The Left-Handed Hummingbird
- Author: Kate Orman
- Cover artist: Pete Wallbank
- Series: Doctor Who book: Virgin New Adventures
- Release number: 21
- Subject: Featuring: Seventh Doctor Ace, Bernice
- Publisher: Virgin Books
- Publication date: December 1993
- ISBN: 0-426-20404-2
- Preceded by: The Dimension Riders
- Followed by: Conundrum

= The Left-Handed Hummingbird =

1993 novel by Kate Orman

The Left-Handed Hummingbird is an original novel written by Kate Orman and based on the long-running British science fiction television series Doctor Who. It features the Seventh Doctor, Ace and Bernice. A prelude to the novel, also written by Orman, appeared in Doctor Who Magazine #207. This novel is the third novel in the "Alternate Universe cycle" which continues until No Future.

This book was Kate Orman's first sale. It was also the first New Adventure written by a woman, and the first written by an Antipodean.

==Publisher's summary==
He took up a firing stance, holding the thirty-eight out in front of him. 'Mr Lennon?' he said.

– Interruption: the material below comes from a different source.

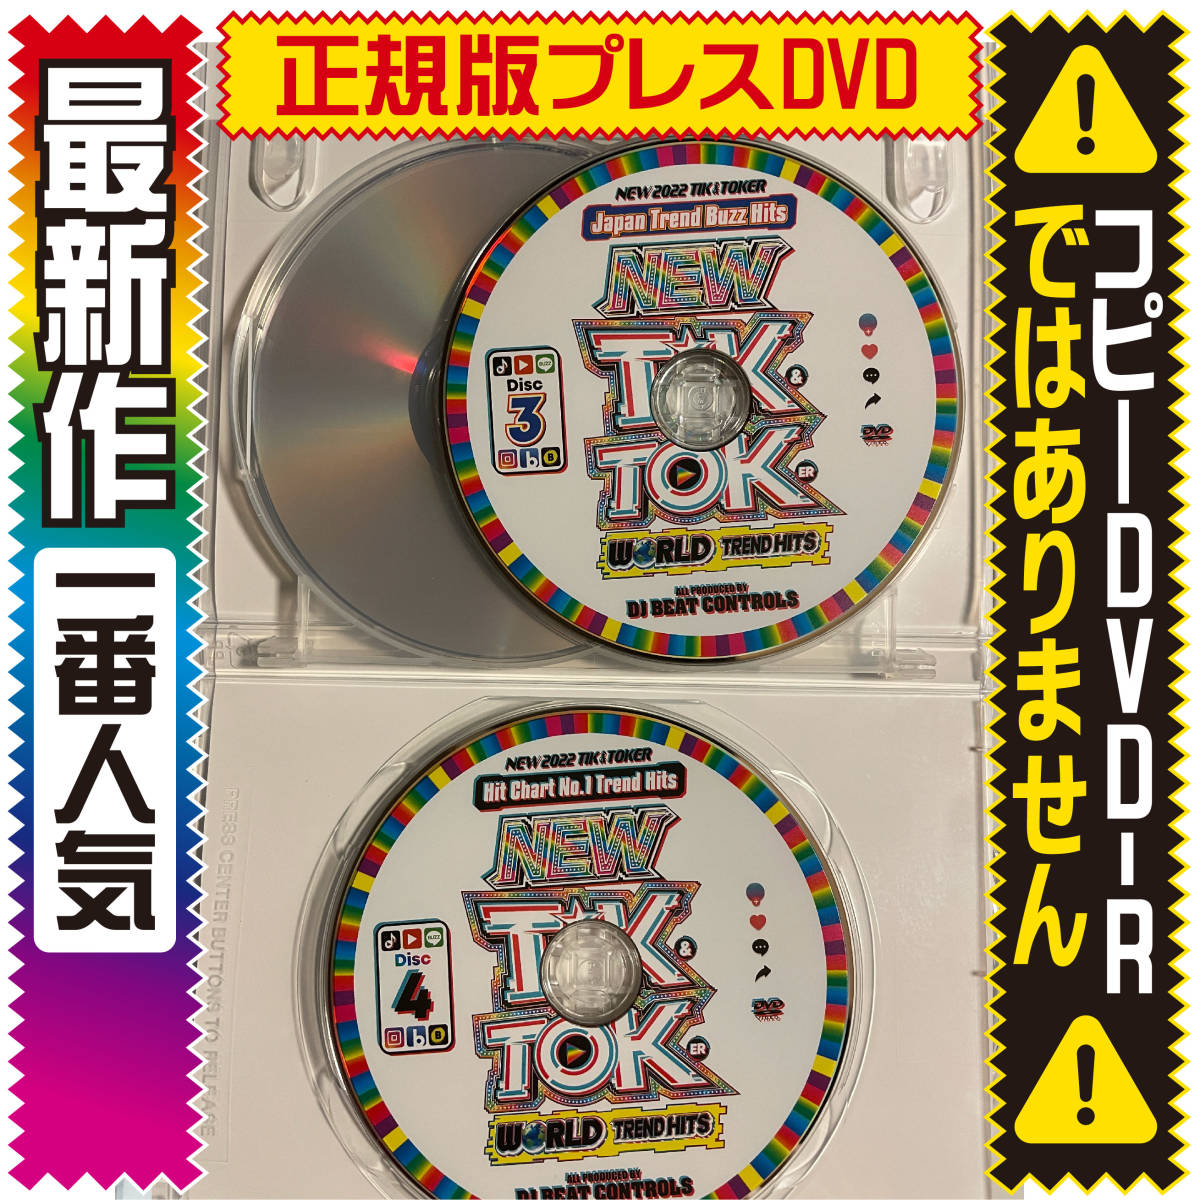 【洋楽DVD】New TikToker World Trend Hits★BTS Proof★正規版プレス盤DVD

1968: Cristian Alvarez meets the Doctor in London.
1978: The great temple of the Aztecs is discovered in Mexico.
1980: John Lennon is murdered in New York.
1994: A gunman runs amok in Mexico City.

Each time, Christian is there. Each time, he experiences the Blue, a traumatic psychic shock. Only the Doctor can help him - but the Doctor has problems of his own. Following the events of Blood Heat and The Dimension Riders, the Doctor knows that someone or something has been tinkering with time. Now he finds that events in his own past have been altered - and a lethal force from South America's prehistory has been released.

The Doctor, Ace and Bernice travel to the Aztec Empire in 1487, to London in the Swinging Sixties, and to the sinking of the RMS Titanic as they attempt to rectify the temporal faults - and survive the attacks of the living god Huitzilin.

==Background==
The Left Handed Hummingbird was Kate Orman's first published novel.

==Continuity==
There are several references to the serial The Aztecs.